Light and Seed Germination in Diverse Taxa
Light-mediated germination is a feature of a broad range of species with small (<1 mg) seeds and is under the control of phytochrome. However, an unusual phenomenon of dark-mediated dormancy release has been observed in some seeds.
Seed germination triggered by light exposure (positive photoblastism) has been determined in quantitative studies for cacti such as Browningia candelaris.
Seed germination triggered by light exposure (positive photoblastism) has been determined in quantitative studies for numerous plant families, including the cacti (Flores et al., 2011). In this family, across 136 species, we have observed that relative light germination (RLG) was lower for seeds from taller than shorter taxa and lower for taxa with heavier seeds than taxa with lighter seeds (Flores et al., 2011). These trends agree with the expectation for small-seeded species to have a light requirement to germinate more often than large-seeded species. For example, the large seeds (13 mg) of the endemic small tree of Central-Eastern Sardinia, Rhamnus persicifolia, are not light responsive (Mattana et al., 2009). However, there can be a seed size – seed number trade-off, as smaller seeds are produced in greater number but have a lower probability of establishment (Daws et al., 2007). We confirmed this expectation for nine neotropical gap-dependent tree species with seed dry mass < 1 mg, as the seeds were photoblastic and had a lower than expected root growth extension rate that contributed to reduced establishment success (Daws et al., 2007).

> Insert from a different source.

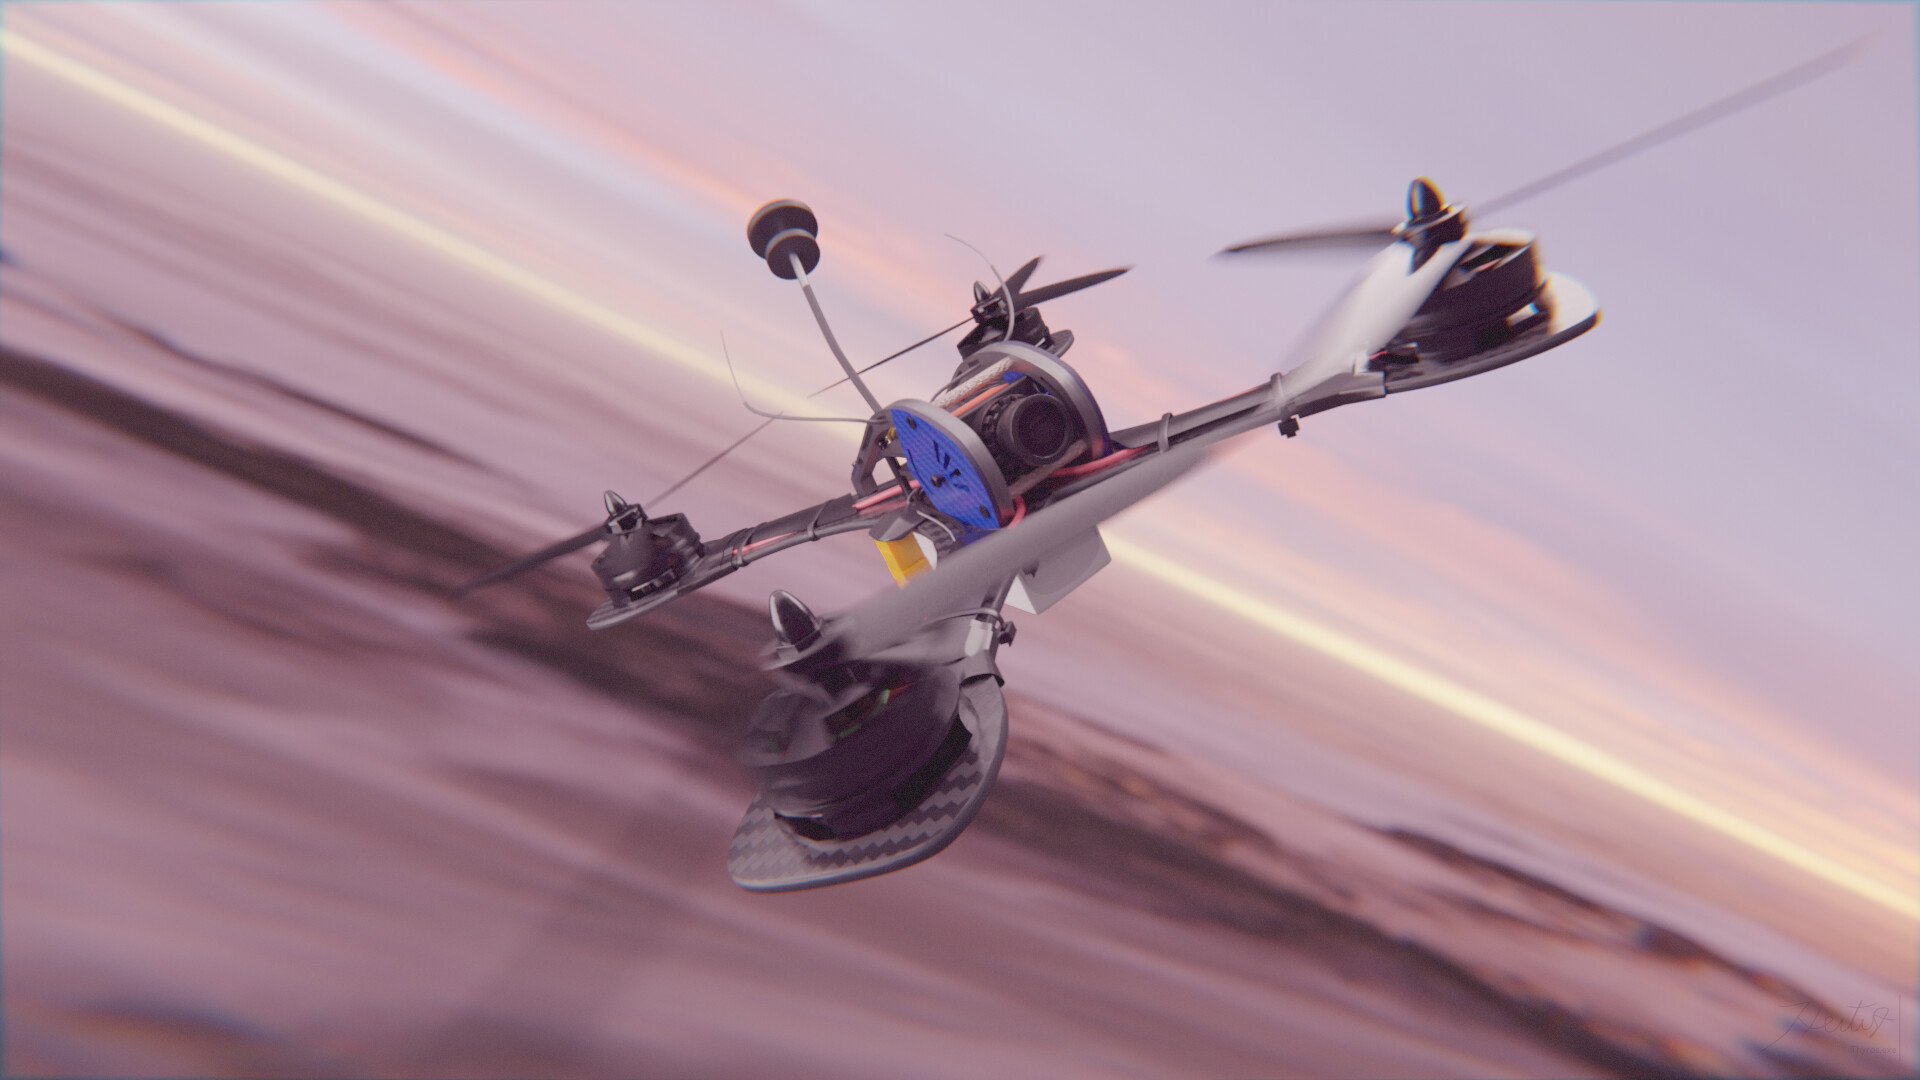 Realitic Racing Drone, Johannes Hartig

Phytochrome regulates seed germination of light-sensitive species, with red (R) light generally stimulating and far-red (FR) inhibiting germination. We investigated the dependency of seed germination in the light on seed mass for 27 herbaceous species from northern temperate deciduous forest in the context of the suitability of micro-sites for germination (Jankowska-Blaszczuk and Daws, 2007). We observed that light-dependent germination reduced with increasing seed mass. Moreover, for the light-dependent species, there was a significant negative relationship between the R : FR that resulted in 50% germination and seed mass. Higher R : FR signifies the absence of over-topping vegetation or leaf litter, conditions that could enable seedlings from small seeds to grow relatively rapidly.
Seed dormancy controls the quantity of light required to stimulate germination, thus changes in sensitivity to light can occur over time as a result of changes in dormancy status. However it is only recently that the light environment during dormancy release has been the primary subject of investigation. Following the discovery of a new dormancy release mechanism for Lolium rigidum seeds involving hydrated storage, which circumvents the need for months of dry after-ripening, the light environment has been found to play a pivotal role and a novel role for phytochrome in the inhibition of dormancy release has been described.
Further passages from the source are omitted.